Теперь, когда что-то произошло между царем и архиереем и когда архиерей, видимо, хотевший пойти к царю, наткнулся на медных бесов и воротился назад, – ясно стало, что все это из-за бесов. По городу, по рынкам и между рабочими артелями пошли толки самые разнообразные, самые невероятные. Бабы и тут, как и везде, представляя собою материал более восприимчивый и более горячий, оставляя в своем более впечатлительном мозгу всегда свободное гнездилище для фантазии, – бабы уже разносили по городу целые легенды, с неопровержимыми цитатами, что «сама-де своими глазыньками видела». Одна рассказывала, что «когда батюшка Митрофаний подошел к медным бесам, так они испужались ево, угодничка, и медными глазищами своими так и воззрились». Другая уверяла, что когда Митрофаний «перекрестил их, бесов, так у них, у проклятых, из ушей и из ноздрей полымя… полымя так и пышет». Третья рассказывала, что бесы, как увидали, что «к им идет сам угодничек Митрофанушко, так от радости, мать моя, заплясали, да заплясамши-то и говорят: наш еси, Митрофание, – воспляшем». Одним словом, толкам, догадкам и ужасам не было конца. Но все это сводилось к одному страшному вопросу: «сказнит» царь Митрофания или «не сказнит». Большинство было уверено, что «сказнит». Слова, сказанные самим архиереем о «казни», о «готовом гробе», подтверждали возможность и даже неизбежность этого последнего, трагического исхода.

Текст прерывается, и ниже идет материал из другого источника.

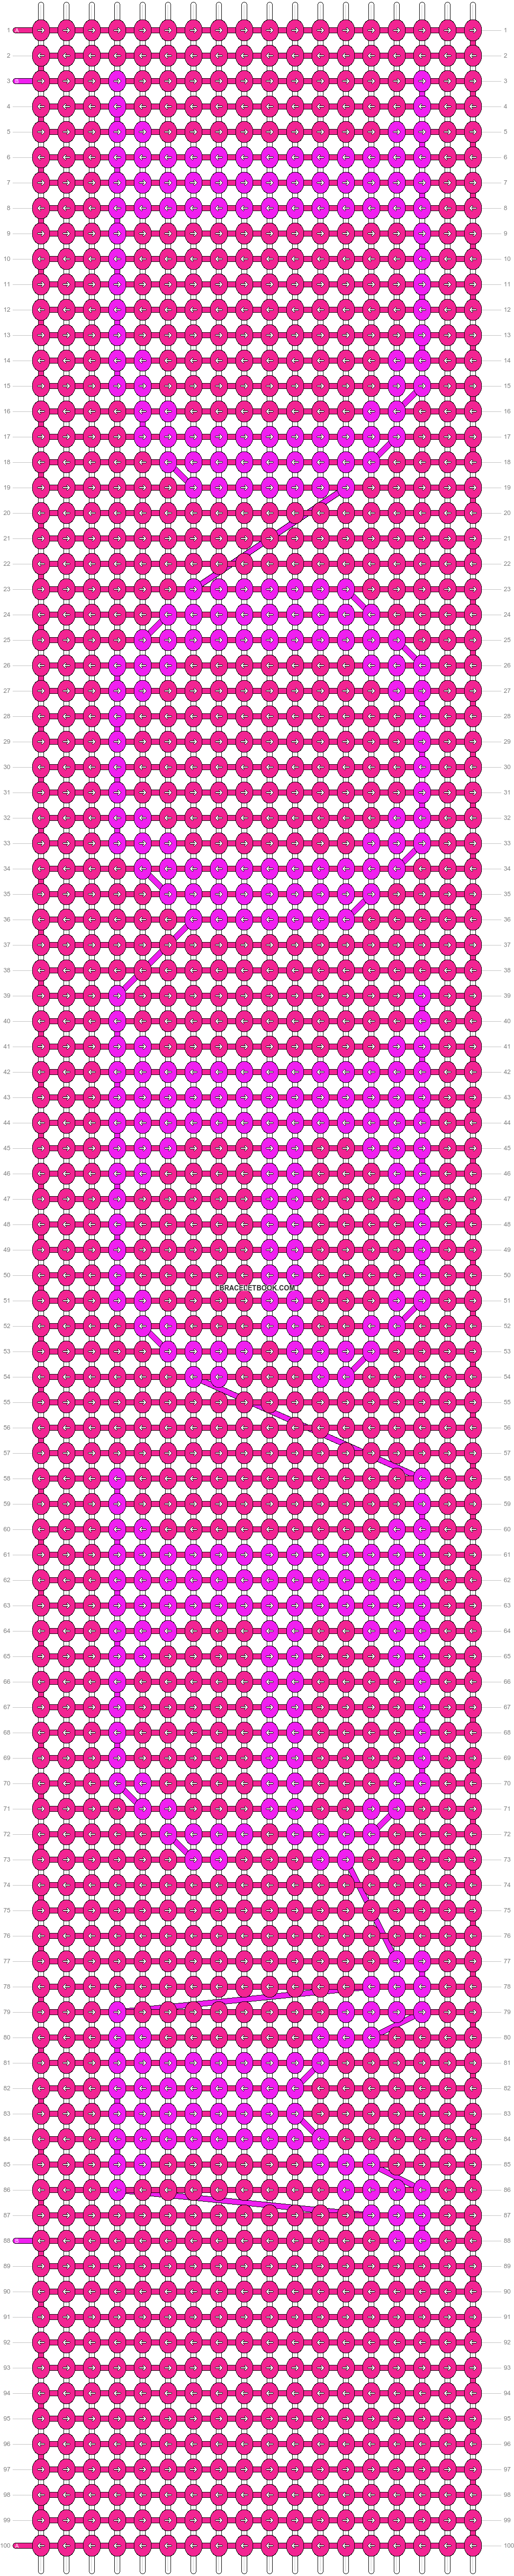 Alpha pattern #8623 variation #48001 pattern

Но в еще большее изумление и ужас пришел народ, когда к вечеру услыхали, что самый большой колокол соборной колокольни ударил на «отход души». Все невольно вздрогнули от этого звона: все знали, что этот колокол звонит только «на отход священнической души». Кто же из попов соборных умер, недоумевали все… За первым ударом, как это всегда бывает при звоне «на отход души», следовал убийственно долгий промежуток: унылый, мрачный гул первого удара все еще стоял, медленно замирая в вечернем воздухе. Ждали второго удара – напряженно ждут. Сколько-то раз ударит?.. Чем больше ударов, тем старше поп. Но вместо повторения удара на соборной кафедральной колокольне ударил колокол на крестовой архиерейской церкви!.. Ужас напал на богомольных воронежцев и на весь пришлый, тысячами согнанный для корабельного дела народ… Умер кто-то в крестовой церкви – кому же больше, как не Митрофанию!.. После крестовой отходный колокол уныло ударил на колокольне малого собора, потом в другой, в третьей, в четвертой церкви – все воронежские церкви ударили по разу, да так медленно – торжественно, пока не замирал последний звук стонущего колокола на предыдущей колокольне. А там снова загудел большой соборный колокол… Опять ему ответили все церкви одна за другою – опять это страшное перекликанье глухо ревущей меди.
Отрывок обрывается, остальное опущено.